* Work to be completed *
Transcribe the lines below exactly, beginning with the line that holds "Vintage Boots- Buy" and ending with the final line, both included. Pictures are to be left out.

* Data extract *
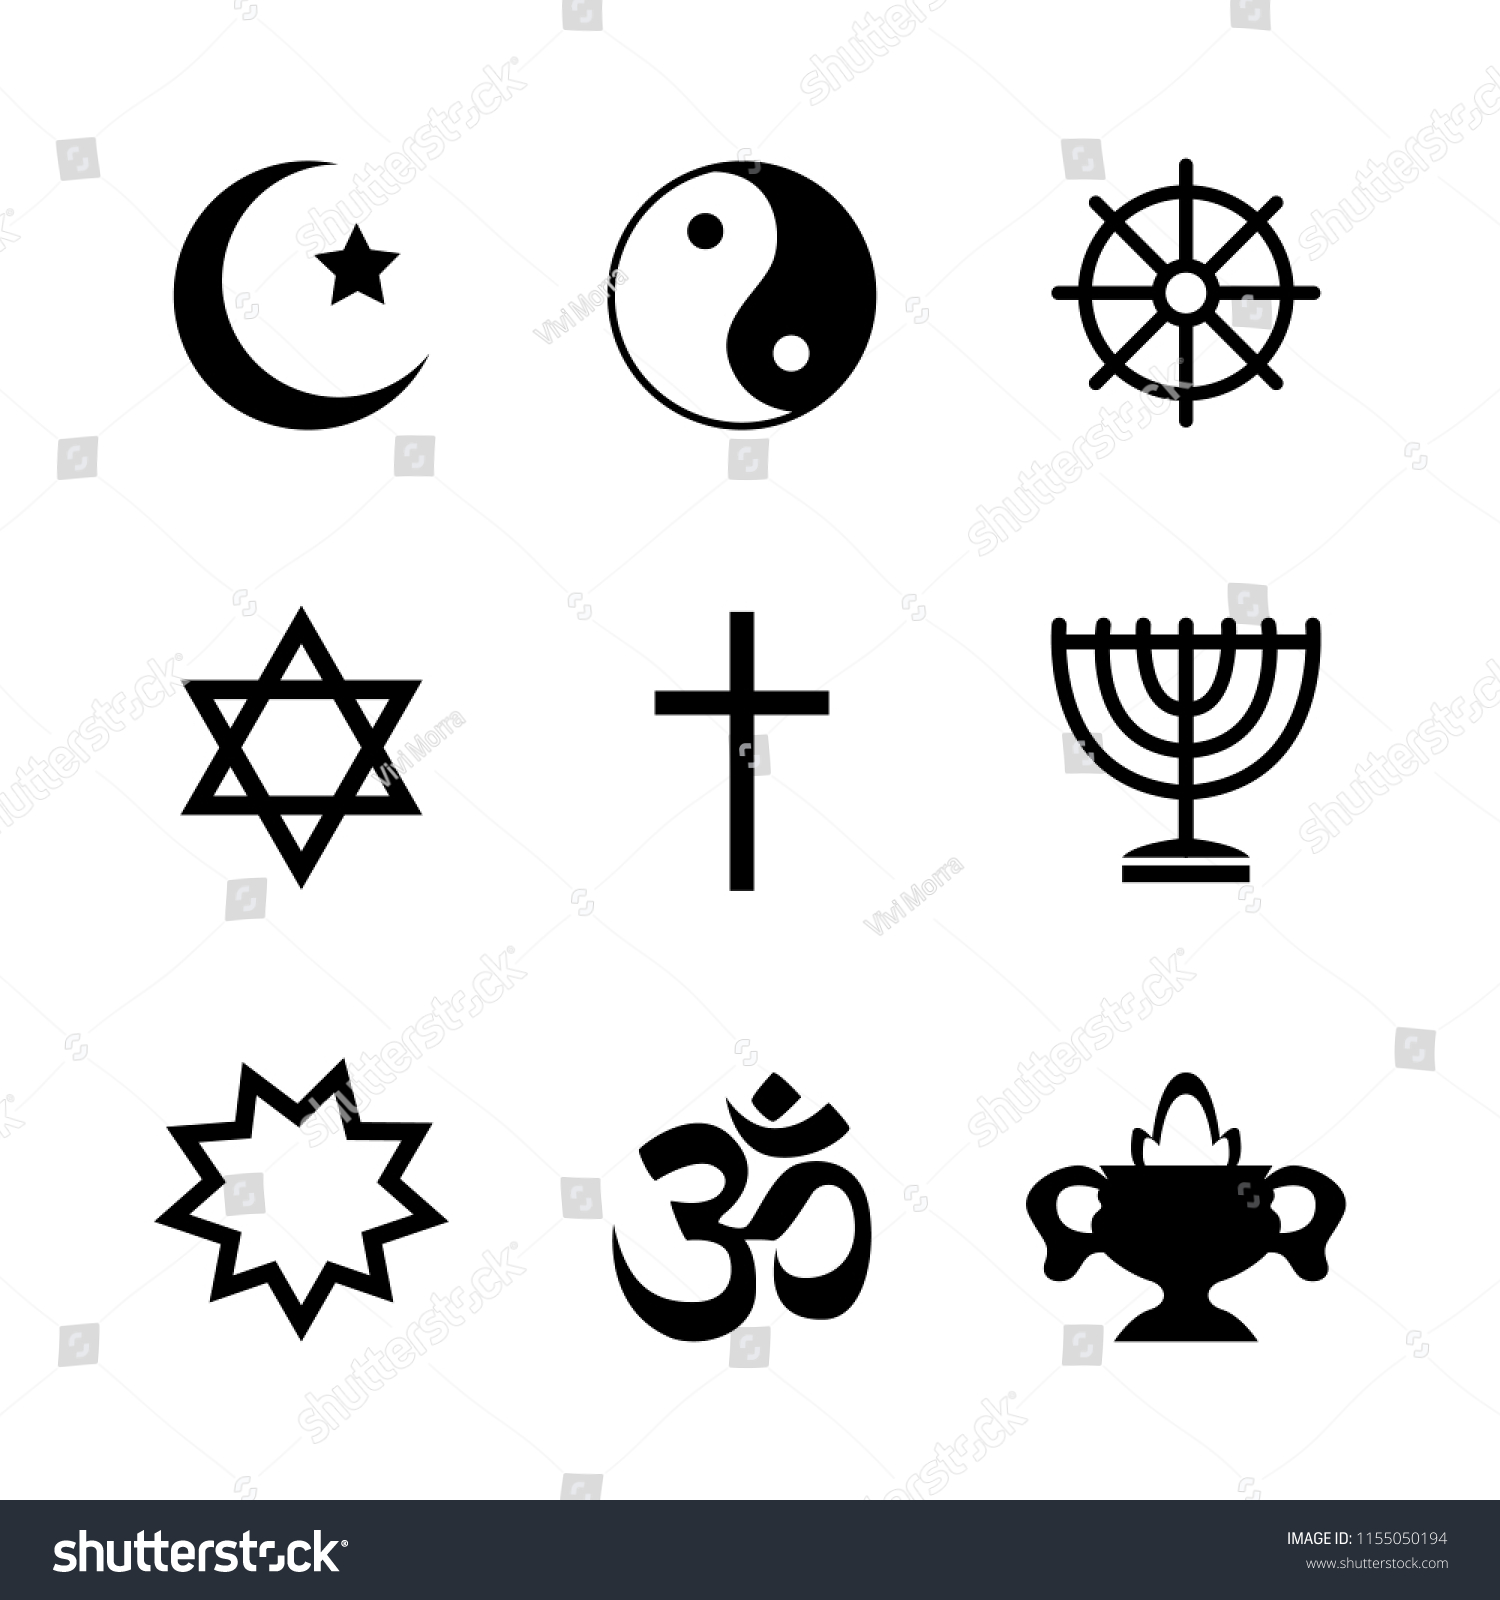 Icons Denoting Different Religious Symbols Vector Stock Vector
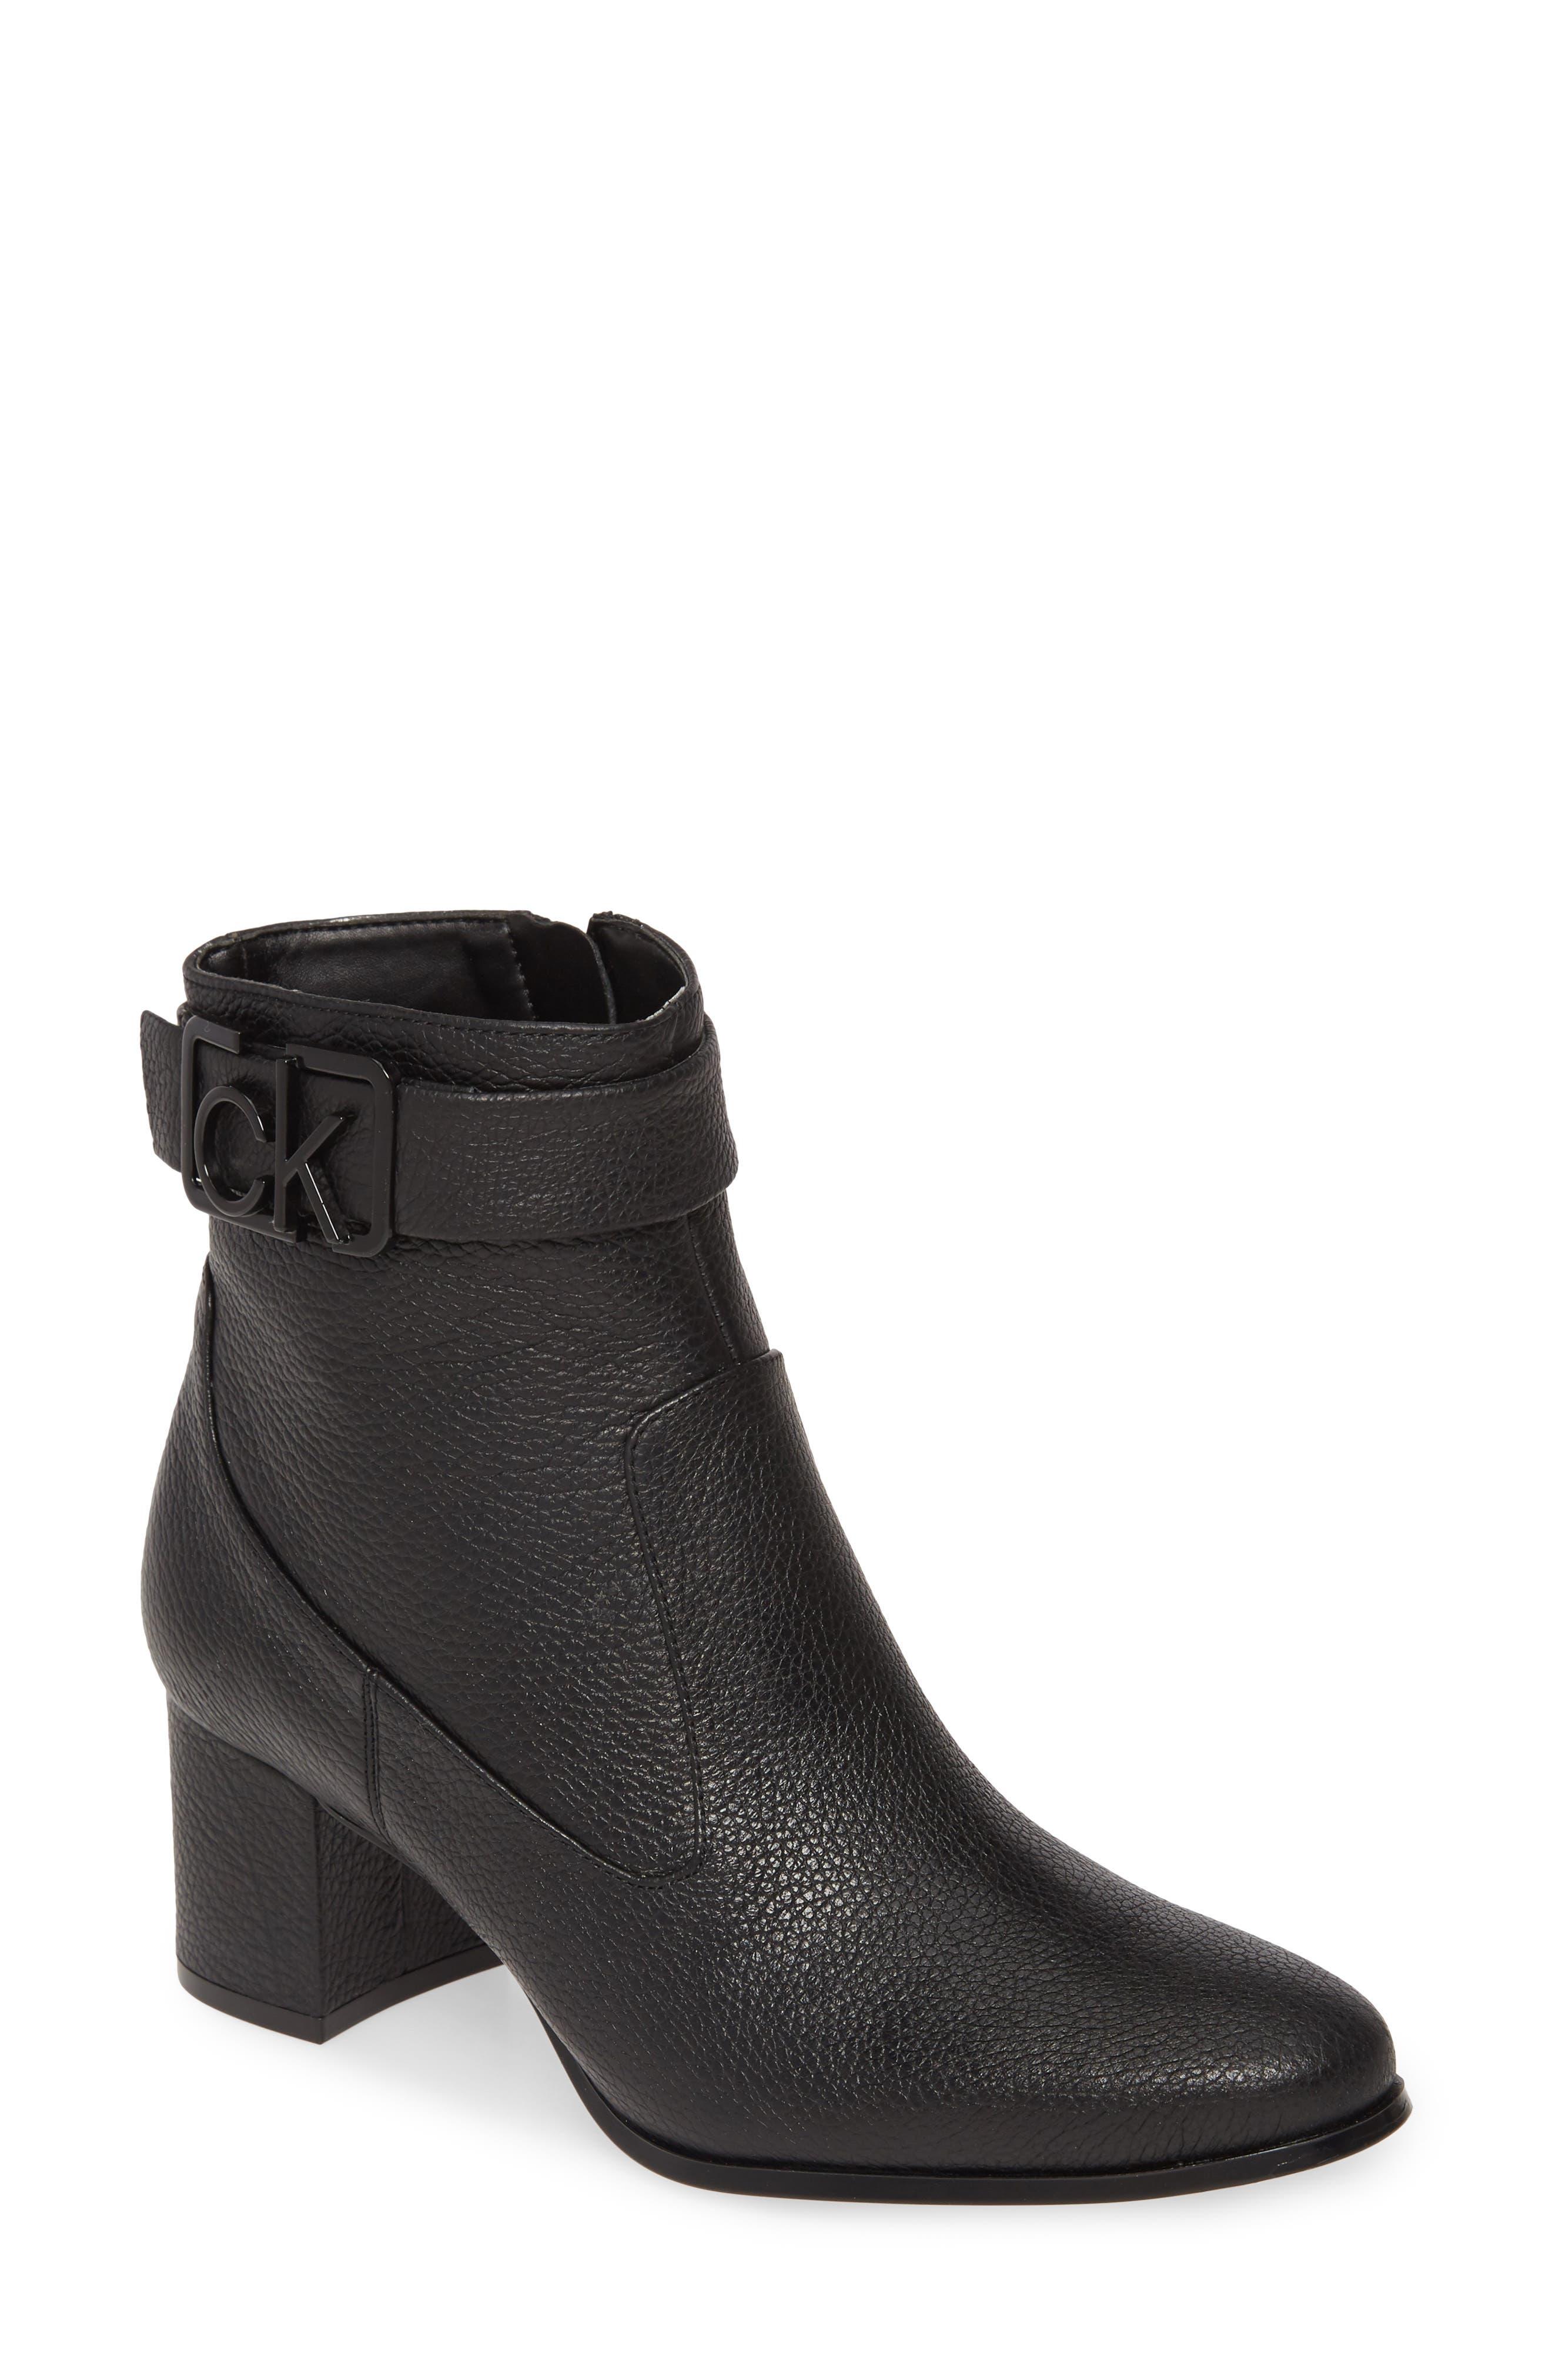 Vintage Boots- Buy Winter Retro Boots Womens Calvin Klein Freema Bootie $149.95 AT vintagedancer.com
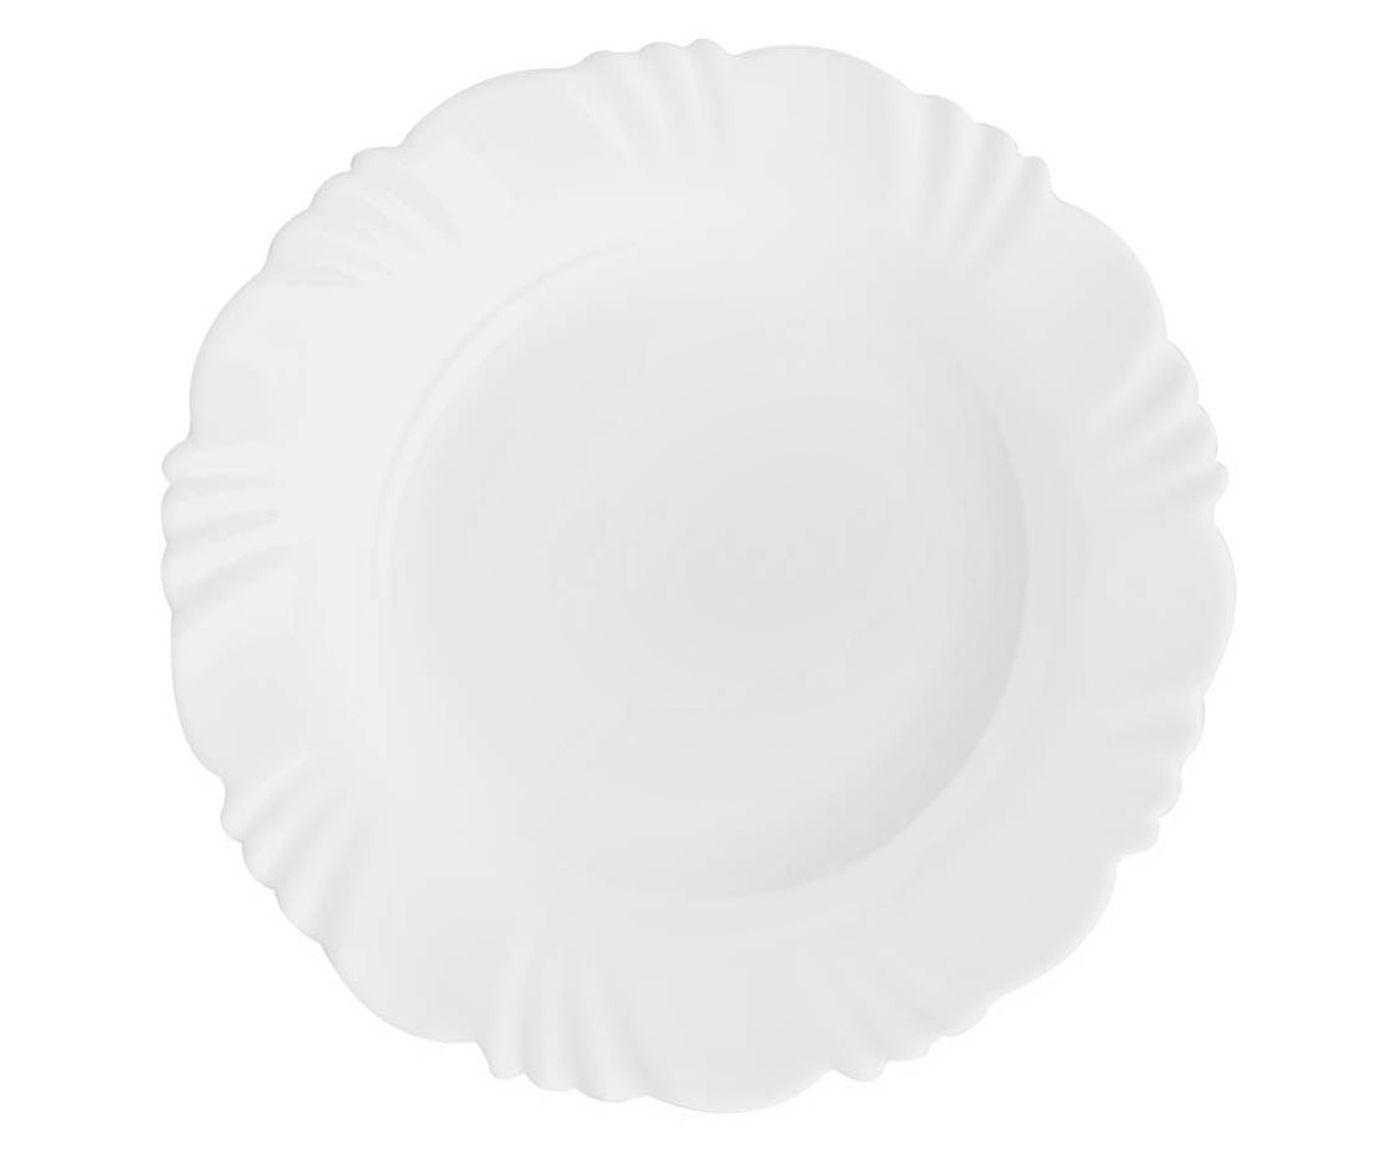 Prato Fundo Bott - 23,5cm   Westwing.com.br
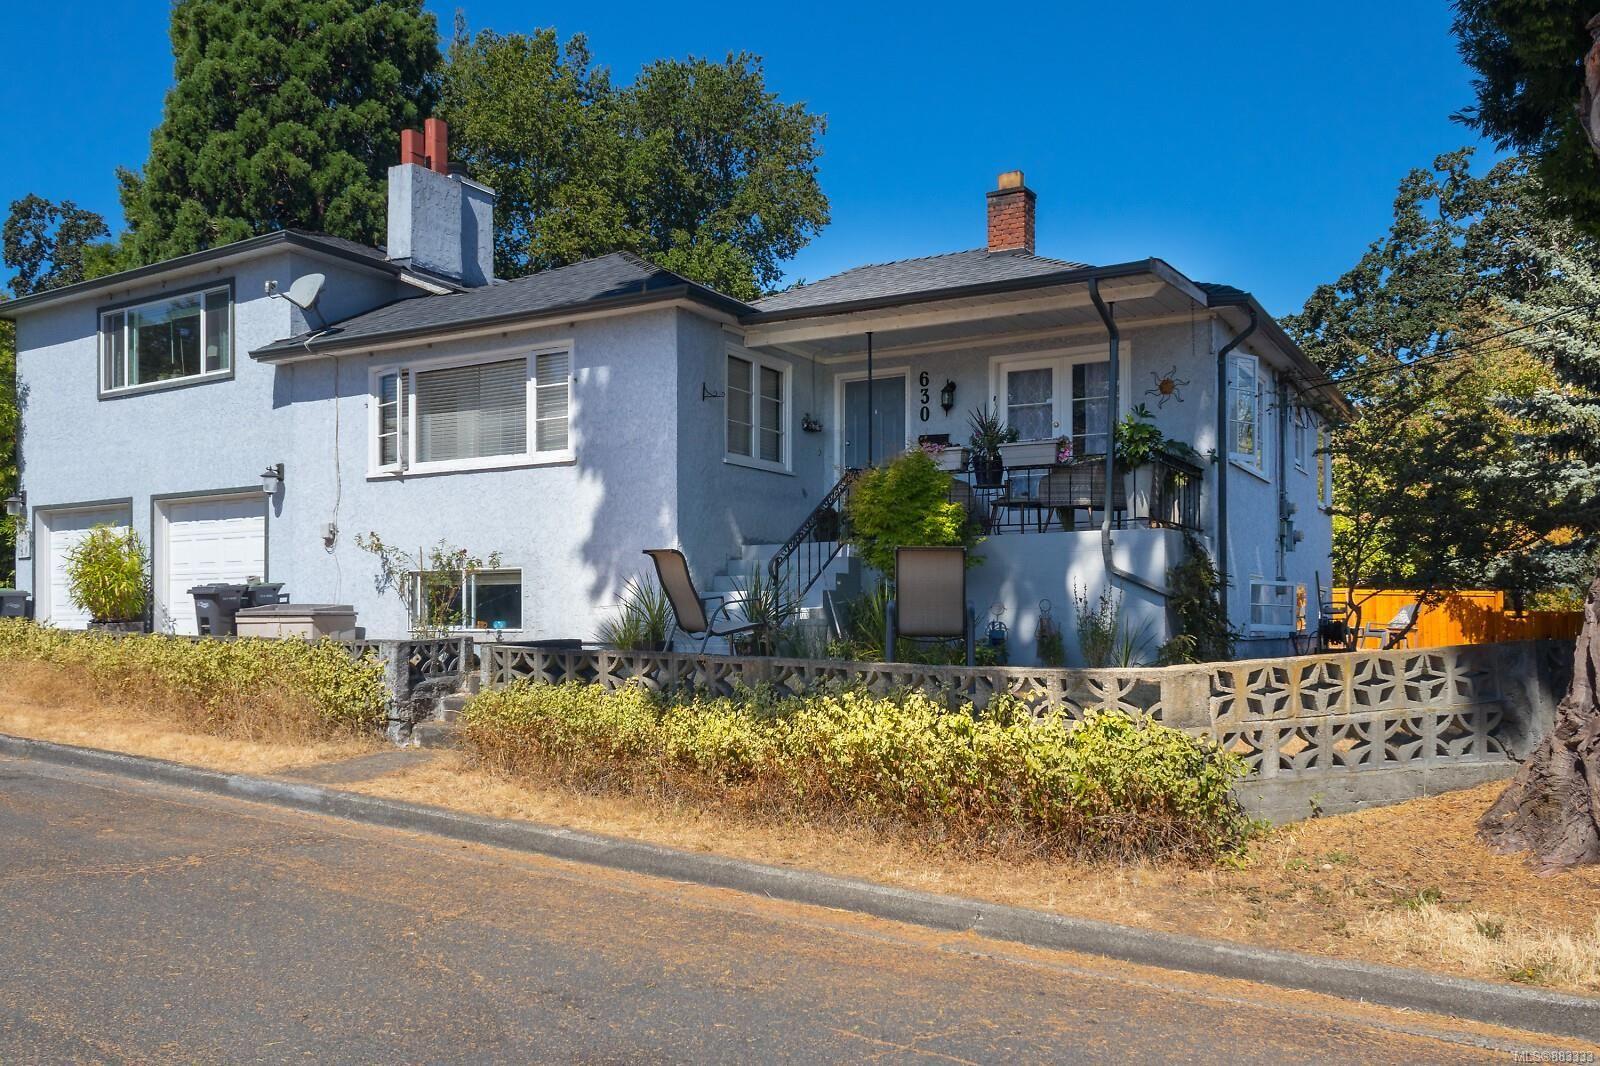 Main Photo: 630 Bryden Crt in : Es Old Esquimalt Half Duplex for sale (Esquimalt)  : MLS®# 883333

* Task solution *
 Vintage Boots- Buy Winter Retro Boots Womens Calvin Klein Freema Bootie $149.95 AT vintagedancer.com
 Prato Fundo Bott - 23,5cm   Westwing.com.br
 Main Photo: 630 Bryden Crt in : Es Old Esquimalt Half Duplex for sale (Esquimalt)  : MLS®# 883333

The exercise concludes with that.